PART III: Data Acquisition Issues with Webscraping

Web Scraping College Course Descriptions

Websites for colleges are vastly different from one another in terms of HTML structure and website layout. For example, for some colleges, when navigating to their course descriptions page, the page itself will contain links to PDFs.

Figure 1: Course description page for Angelo State University

When accessing the course description page for other colleges, the descriptions will be on the page itself instead of on a PDF as shown on Figure 2.

Figure 2: Three of the concentration requirements for the Masters of Accounting program taken from the Appalachian State University website Another plan that the team had in mind was to ignore the websites themselves and just parse through the course catalog PDFs for all of the colleges with graduate accounting programs. However, we ran into a similar problem where even the PDFs themselves were vastly different from one another in terms of layout if we compare Figure 3 to Figure 4.

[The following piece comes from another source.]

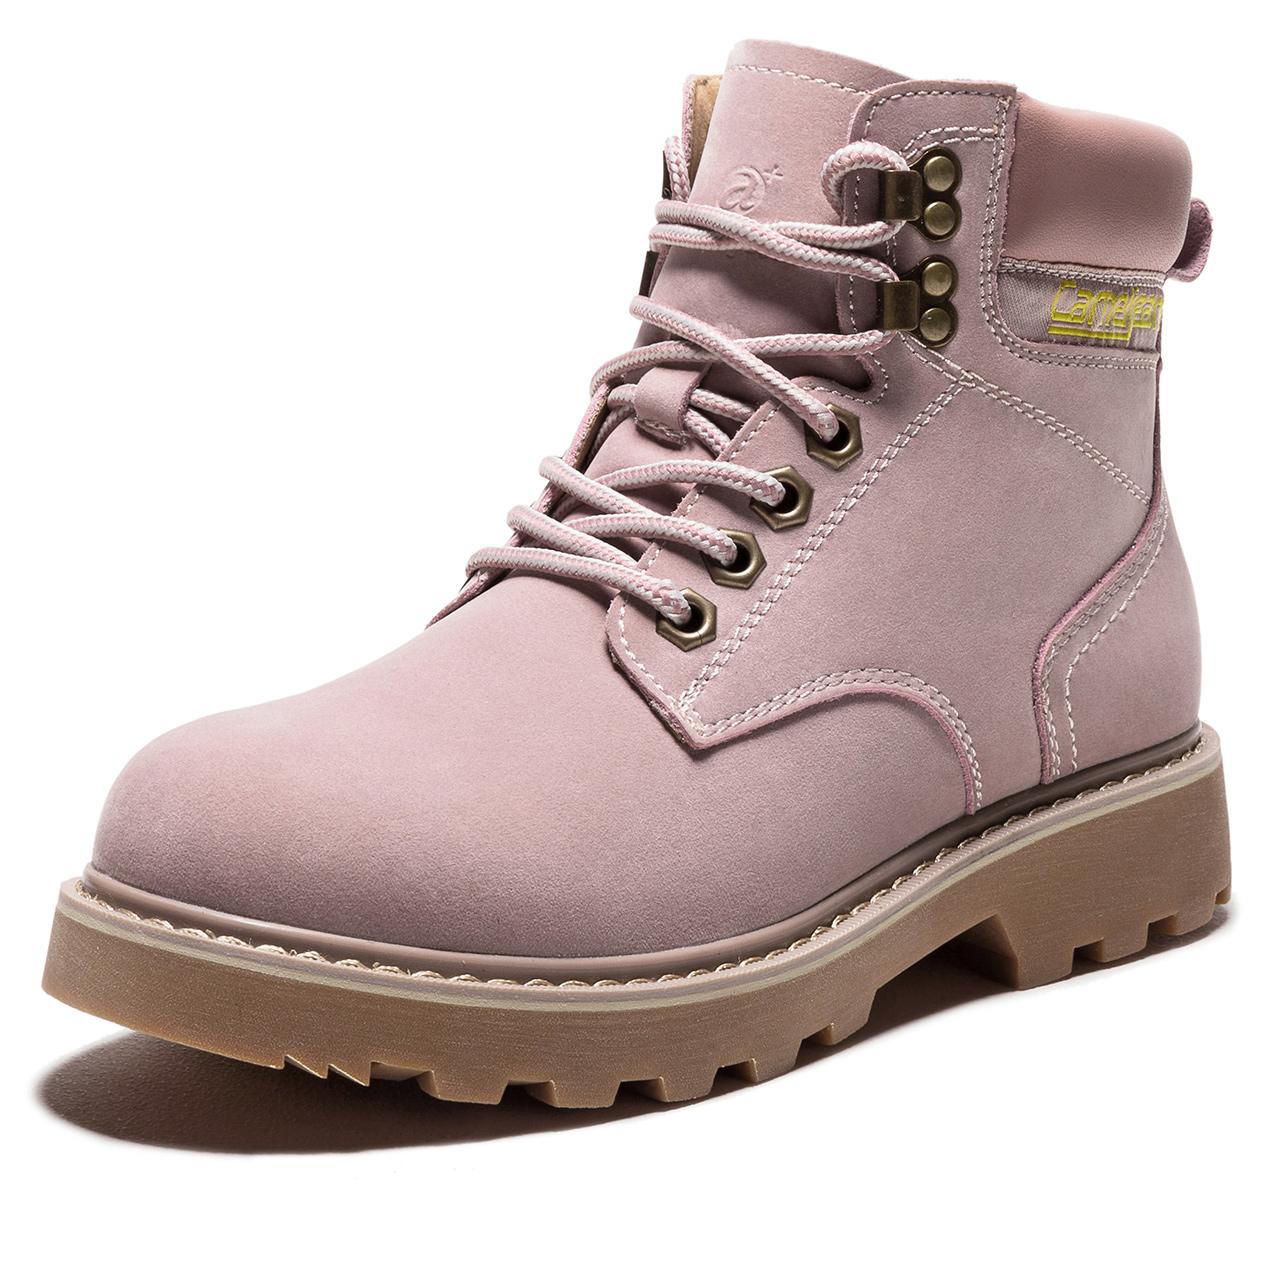 骆驼女鞋马丁靴女工装靴高帮保暖时尚百搭舒适防滑系带休闲工装鞋
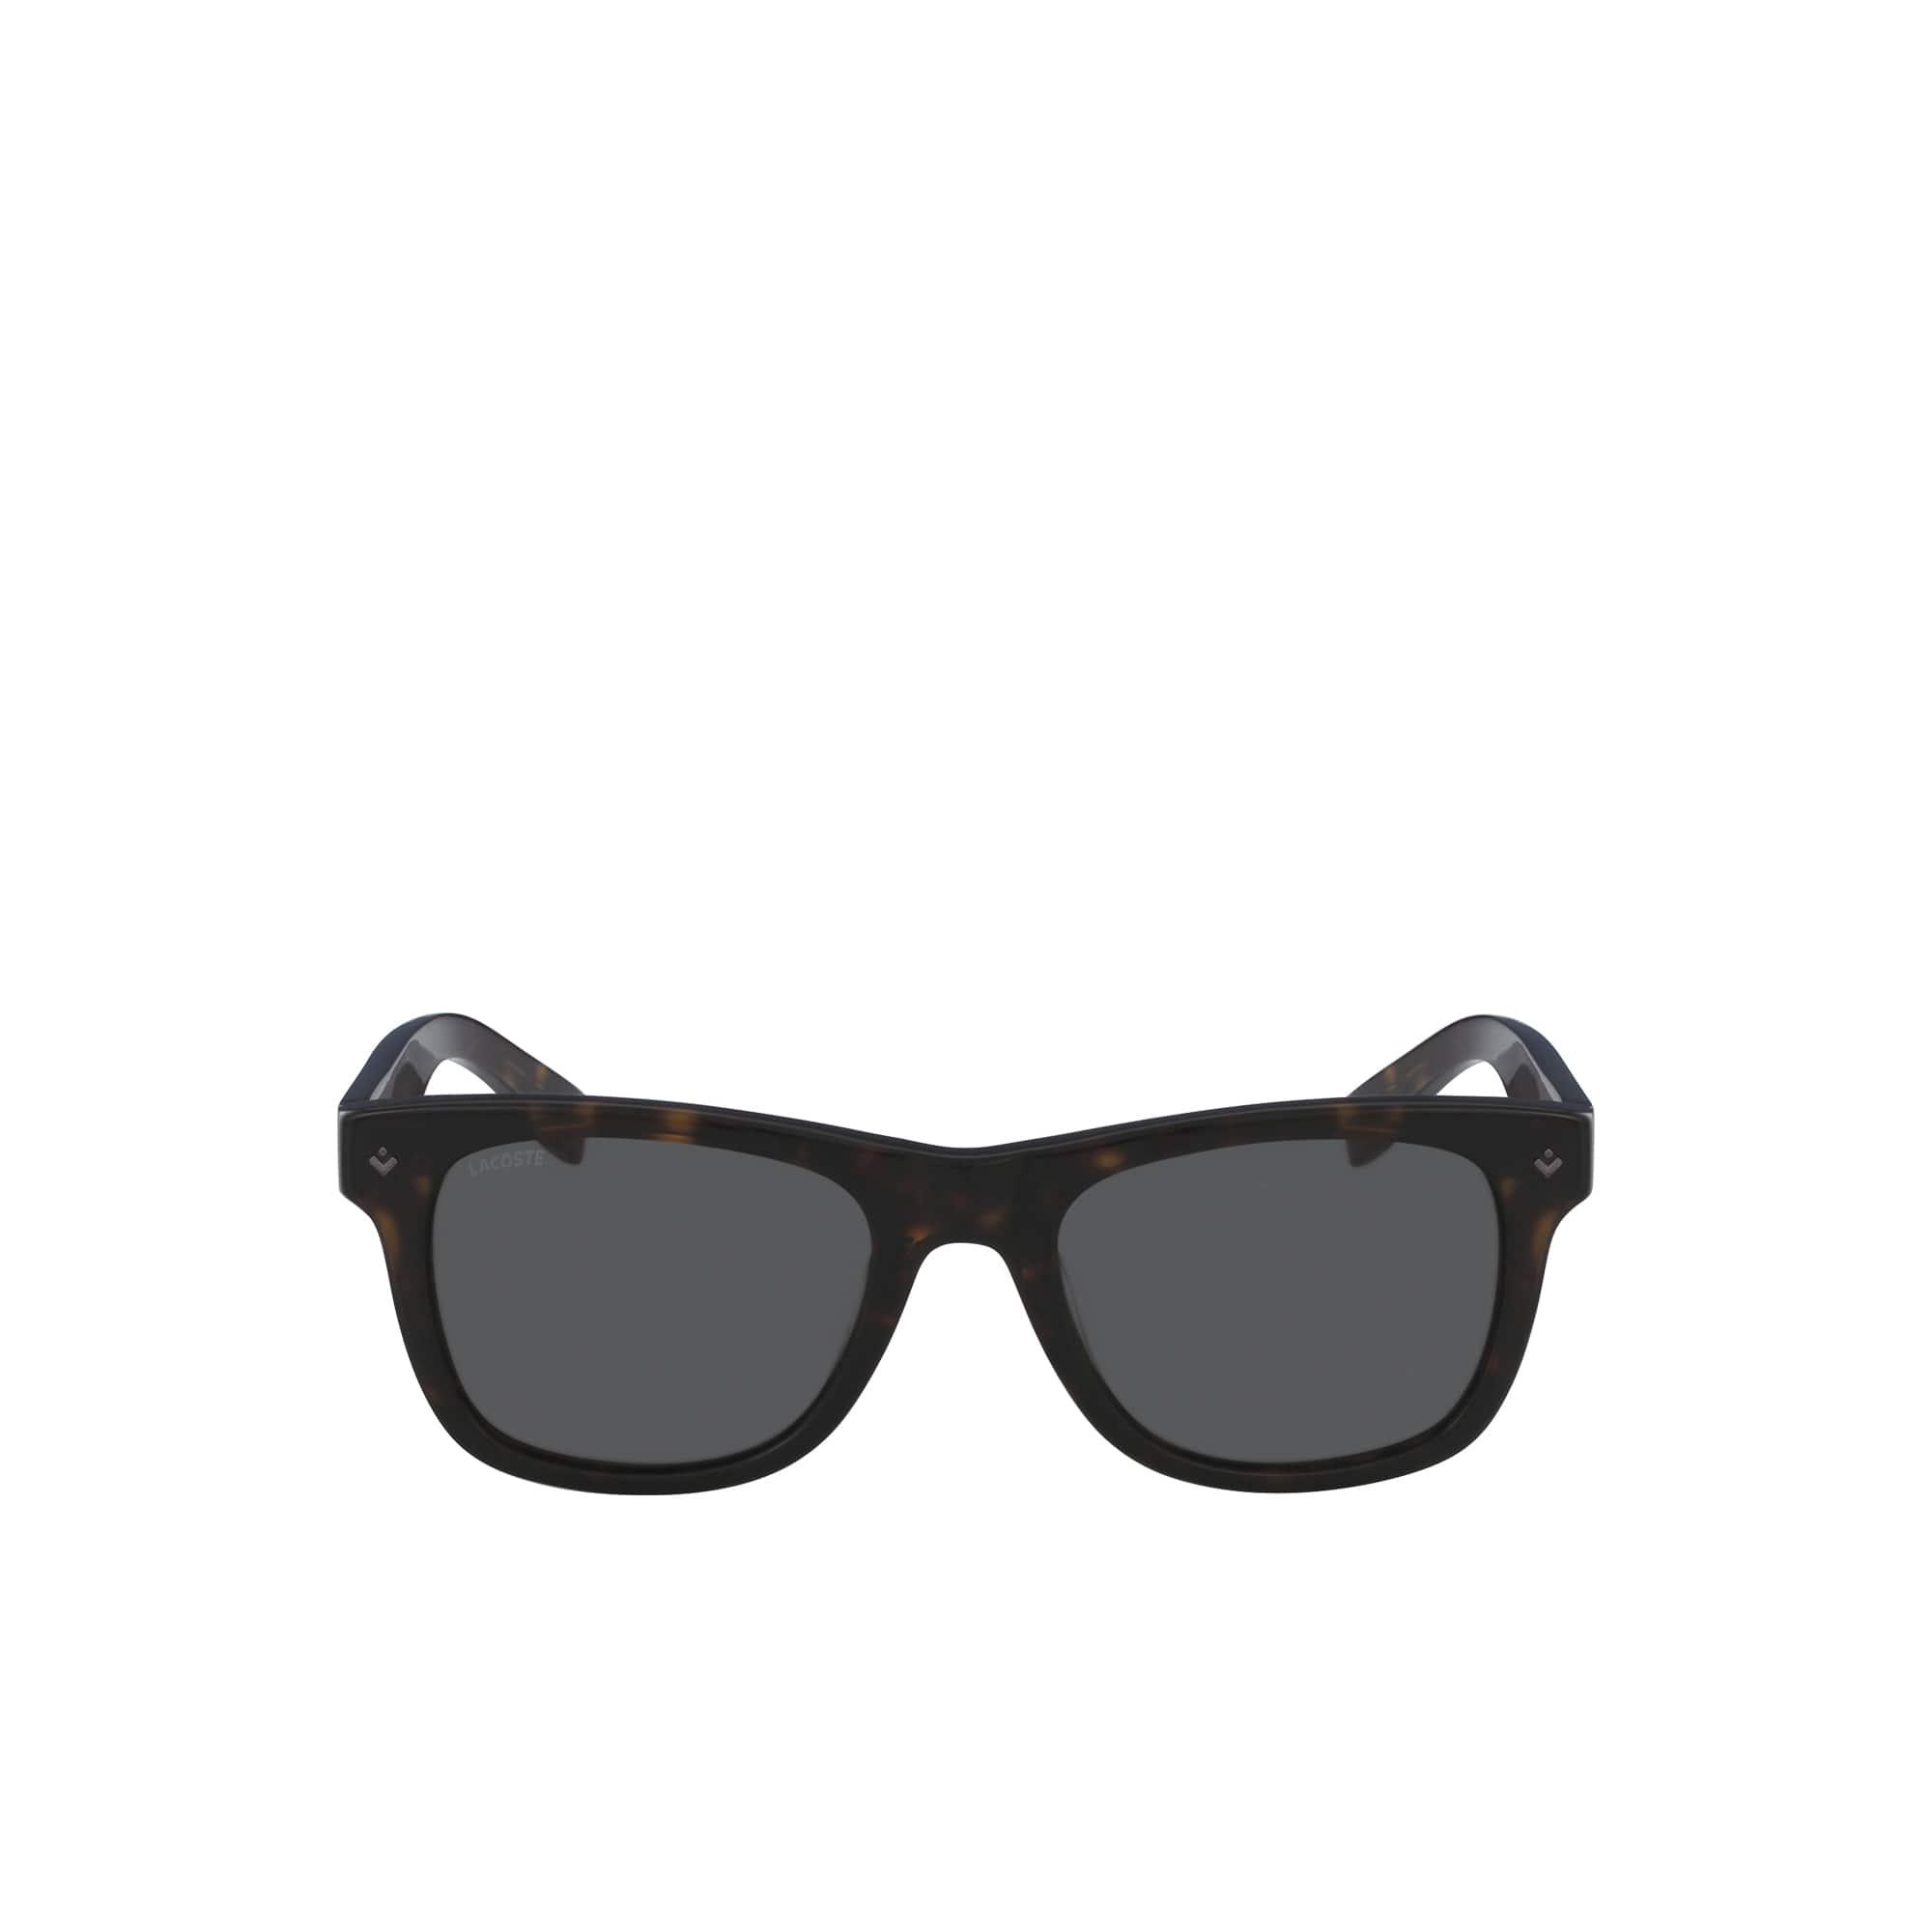 Gafas de sol unisex de pequeño piqué con montura de acetato

Figure 3: A snippet of the graduate accounting course descriptions for Angelo State University taken from the 2019-2020 graduate catalogue

Figure 4: A snippet of the graduate account course descriptions for Bay Path University taken from the 2019 - 2020 graduate catalogue

Based on these caveats that the team encountered when exploring the possibility of web scraping for college course descriptions, the team decided that it would be best to just use the data that was collected from Dr. Foy’s students which was manually copy and pasted.

Conclusion

By mining course descriptions words and joining them with vectors of desired skills, we successfully built a recommender system with a few key predictors. We extended the model by adding geocoding and mapping features to perform basic cluster analysis. From a visualize overview centered on the Eastern U.S. coastline, we can observe clustering of the schools predominently in the northeast: NYC Metro, Boston Metro and the Philadelphia Metro areas. Also North Carolina and Florida show significant clustering. Constructing a database of courses from schools probably would not be as efficient as copying and pasting data directly from the sshool’s websites.

We can further extend the model and add other aspects into the model such as tuition costs, post graduate employment percentage and national university ranking.

Note, some colleges did not publish course descriptions so they were penalized by the recommender system.